Entanglement Structure of an Open System of $N$ Quantum Oscillators: II. Strong Disparate Couplings N=3

TL;DR

This paper investigates the entanglement structure of three coupled quantum oscillators interacting with a quantum field, analyzing how disparate coupling strengths influence quantum correlations at a stationary state.

Contribution

It provides a detailed analysis of entanglement in a three-oscillator system with varying coupling strengths using the influence functional formalism and covariance matrix methods.

Findings

Entanglement varies with symmetric and asymmetric couplings.

Disparate couplings significantly affect quantum correlations.

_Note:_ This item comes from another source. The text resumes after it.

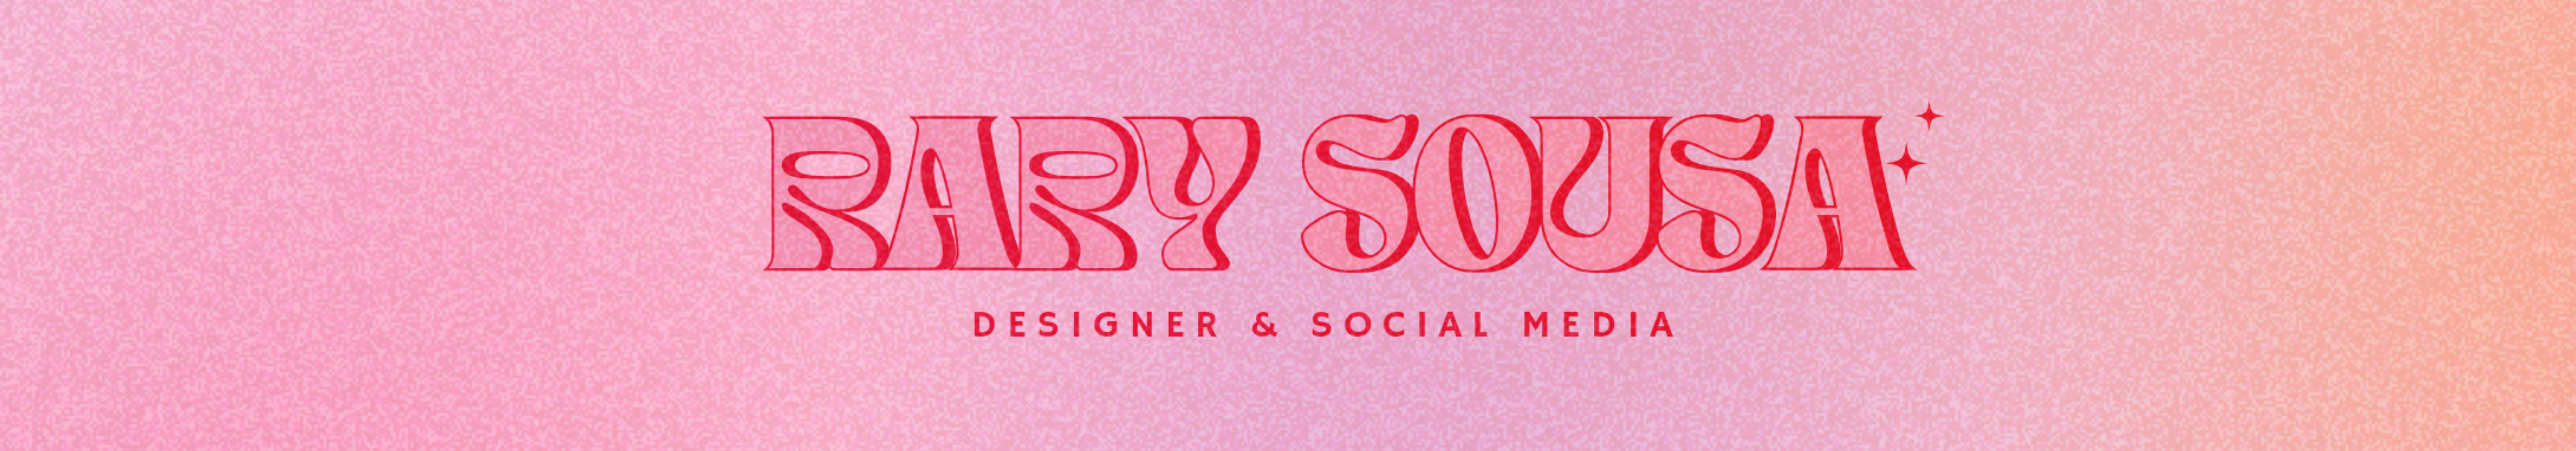 Profil-Banner von Rary Sousa

Results applicable to quantum thermodynamics and mesoscopic systems.

Abstract

In this paper we study a system of $N$ coupled quantum oscillators interacting with each other directly with varying coupling strengths and indirectly through linear couplings to a scalar massless quantum field as its environment. The influence of the quantum field on the system is calculated with the use of the influence functional formalism. We take the direct route of seeking solutions to the evolutionary operator of the reduced density matrix for the derivation of the correlation functions. They are then used to construct the covariance matrix which we use to perform an analysis of the structure of quantum entanglement in the open system at a stationary state. To see the physical features more explicitly we specialize to a system of three quantum coupled oscillators placed at the vertices of a equilateral triangle and allowed to have disparate pairwise couplings. We analyze the entanglement between one oscillator and the other two with equal (symmetric) and unequal (asymmetric) coupling strengths. As an illustration we use the results for these two different configurations to address two representative issues in macroscopic quantum phenomena. We also mention possible extensions of our work and applications of our analysis and results to issues in some current areas of research in quantum thermodynamics and mesoscopic quantum systems.